◆ INFORMATION SUPPLIED ◆
↓↓↓
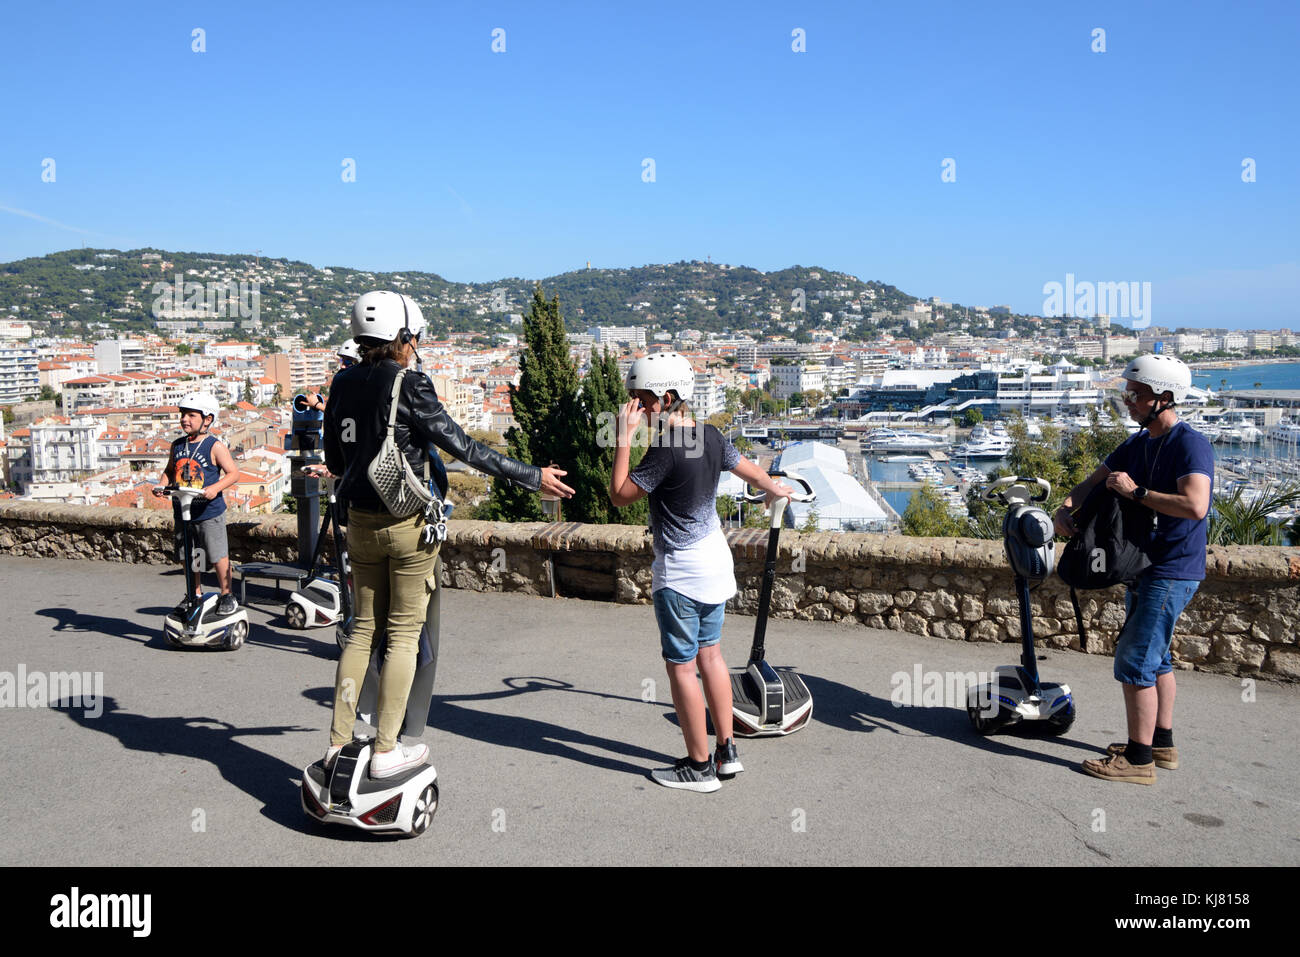 Family Tourists on Segway Scooter Tour in Suquet Old Town of Cannes overlooking La Croisette Waterfront or Seafront, Cannes, French Riviera, France Stock Photo
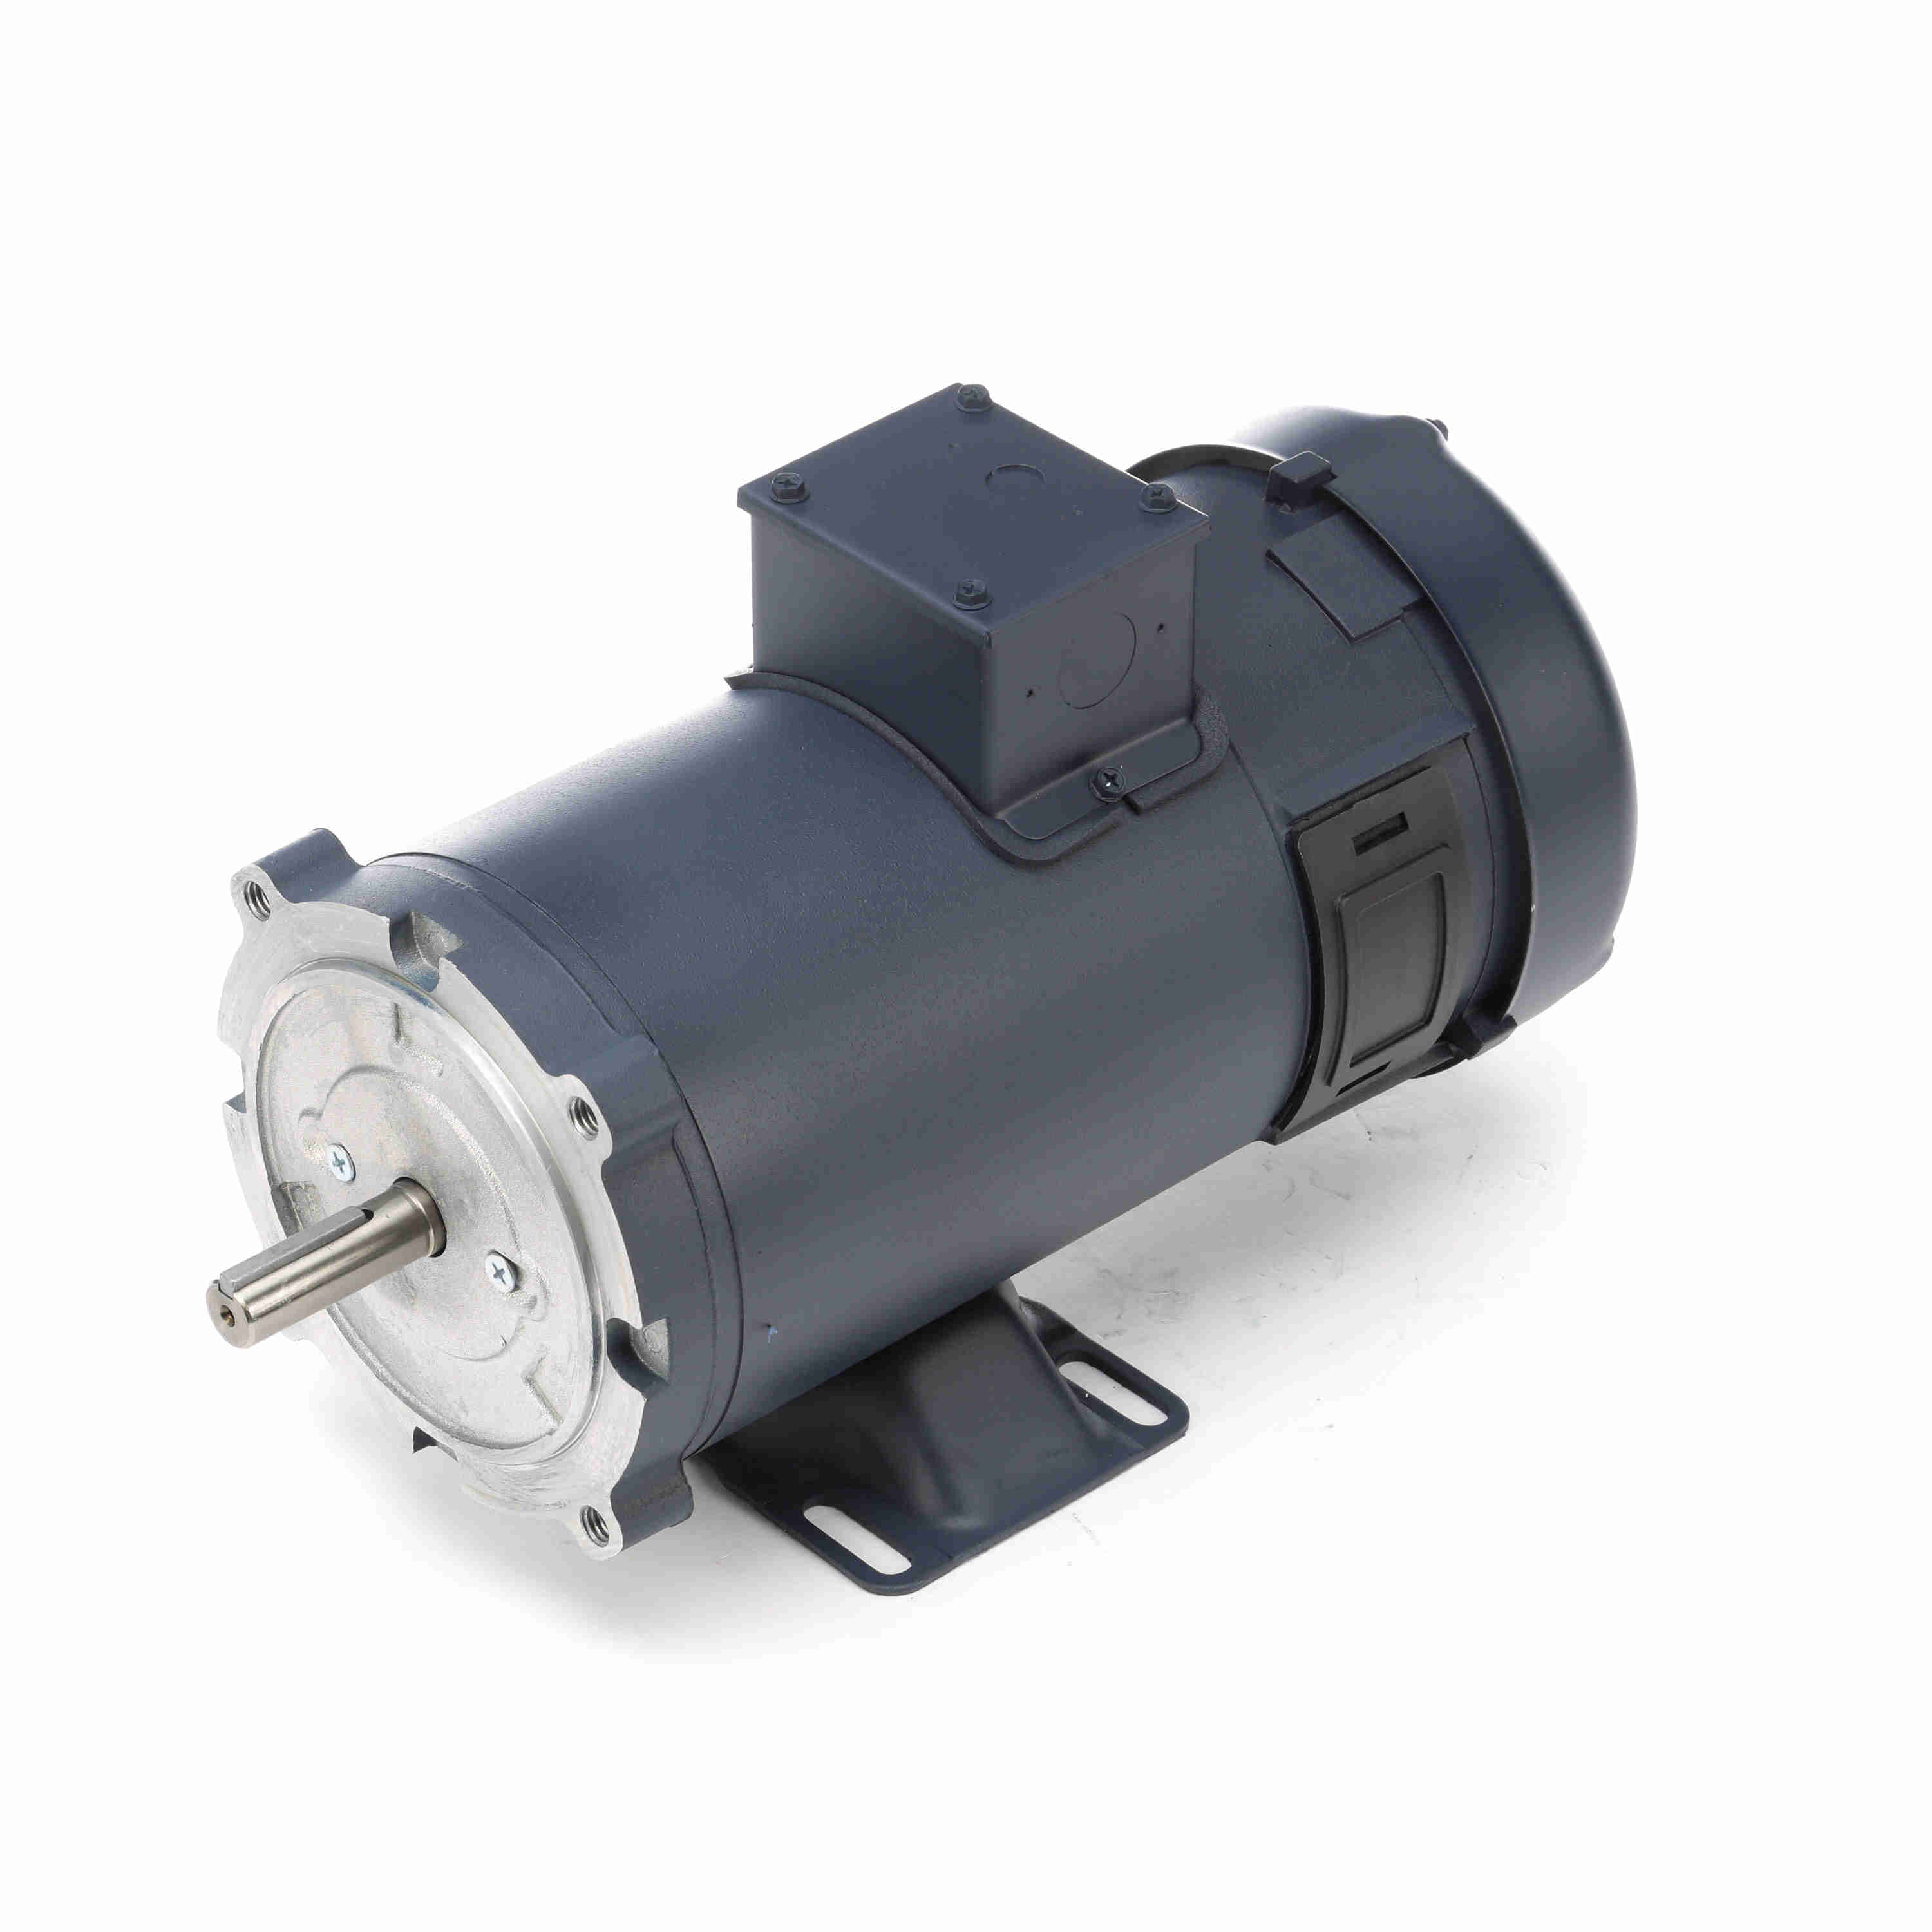 109102.00 Leeson 1HP Low Voltage DC Electric Motor, 1800RPM 2
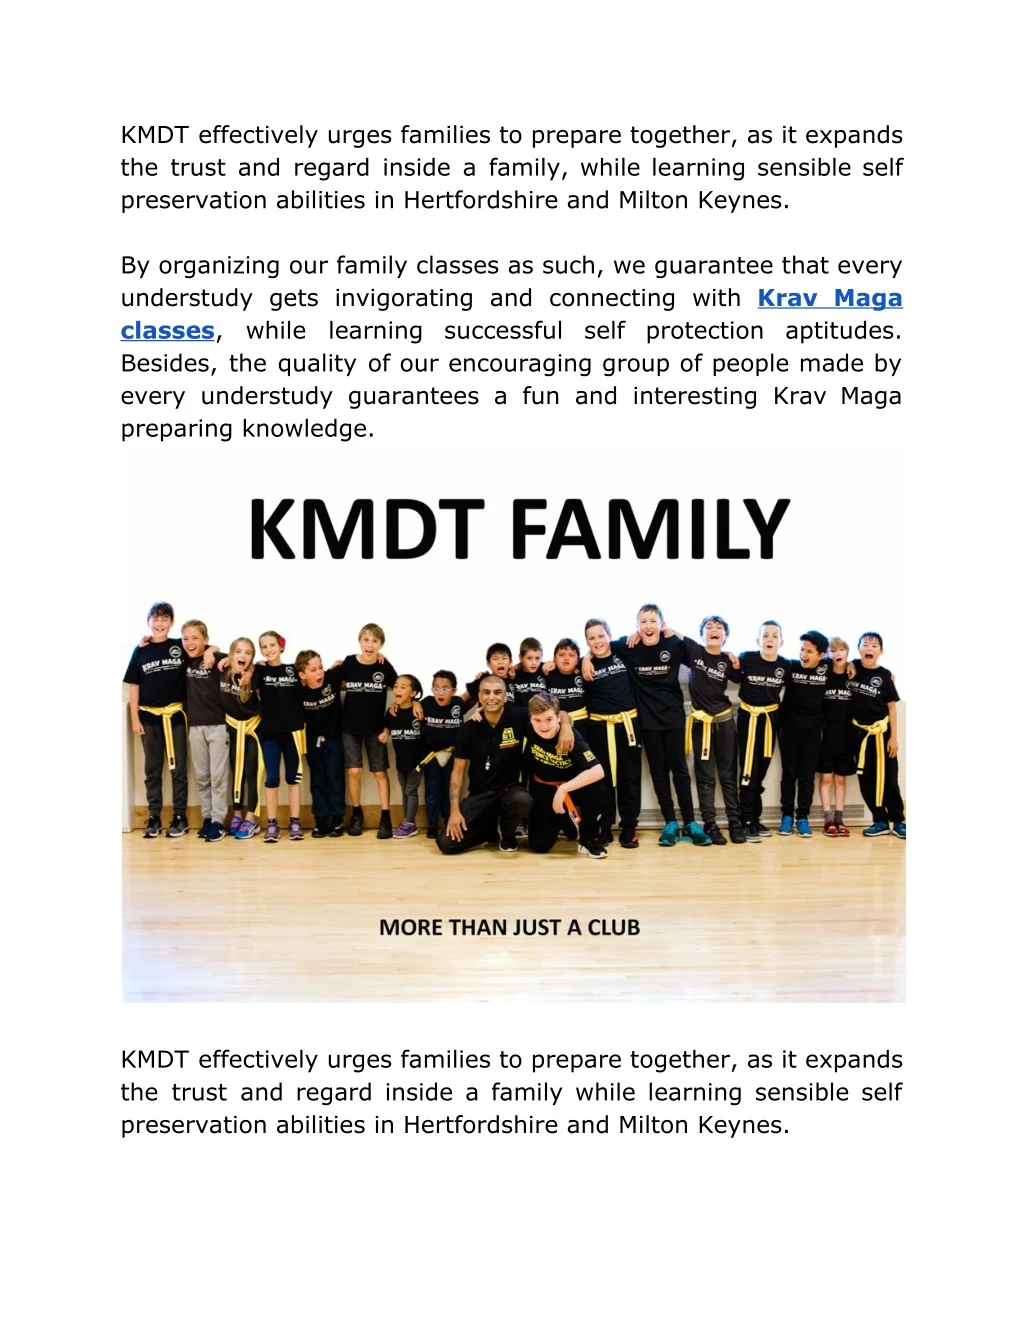 kmdt effectively urges families to prepare
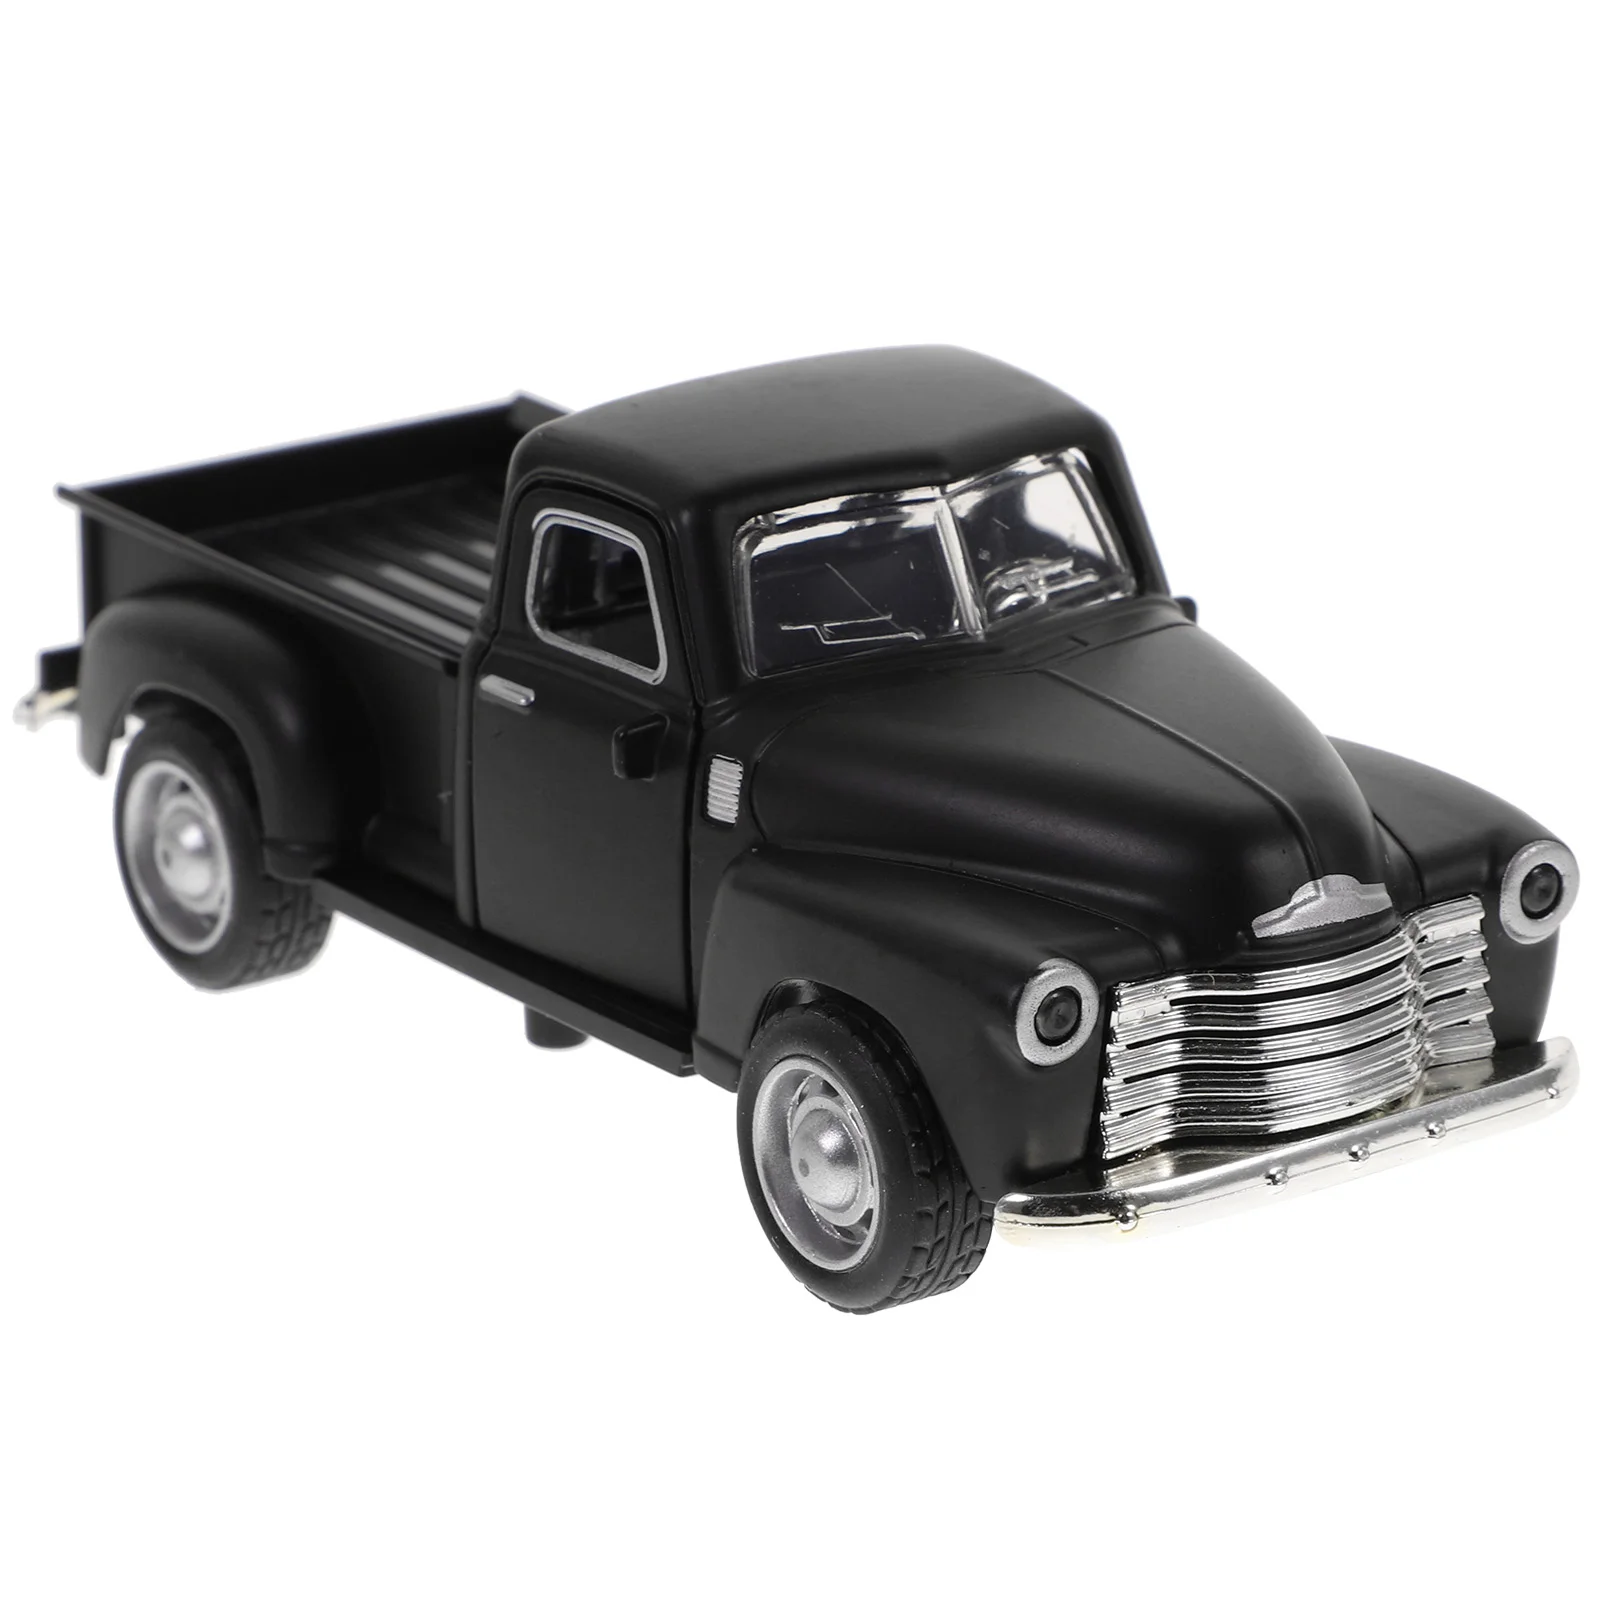 

Truck Car Model Toy Pickup Metal Vintage Cars Decor Diecast Christmas Alloy Retro Toys Figurine Classic Vehicle Up Old Pick Red
↑↑↑
◆ WHAT THE TASK REQUIRES ◆
Leaving out the pictures, reproduce the whole listing above exactly.

◆ RESULT BELOW ◆
 Family Tourists on Segway Scooter Tour in Suquet Old Town of Cannes overlooking La Croisette Waterfront or Seafront, Cannes, French Riviera, France Stock Photo
 109102.00 Leeson 1HP Low Voltage DC Electric Motor, 1800RPM 2
 kmdt effectively urges families to prepare

Truck Car Model Toy Pickup Metal Vintage Cars Decor Diecast Christmas Alloy Retro Toys Figurine Classic Vehicle Up Old Pick Red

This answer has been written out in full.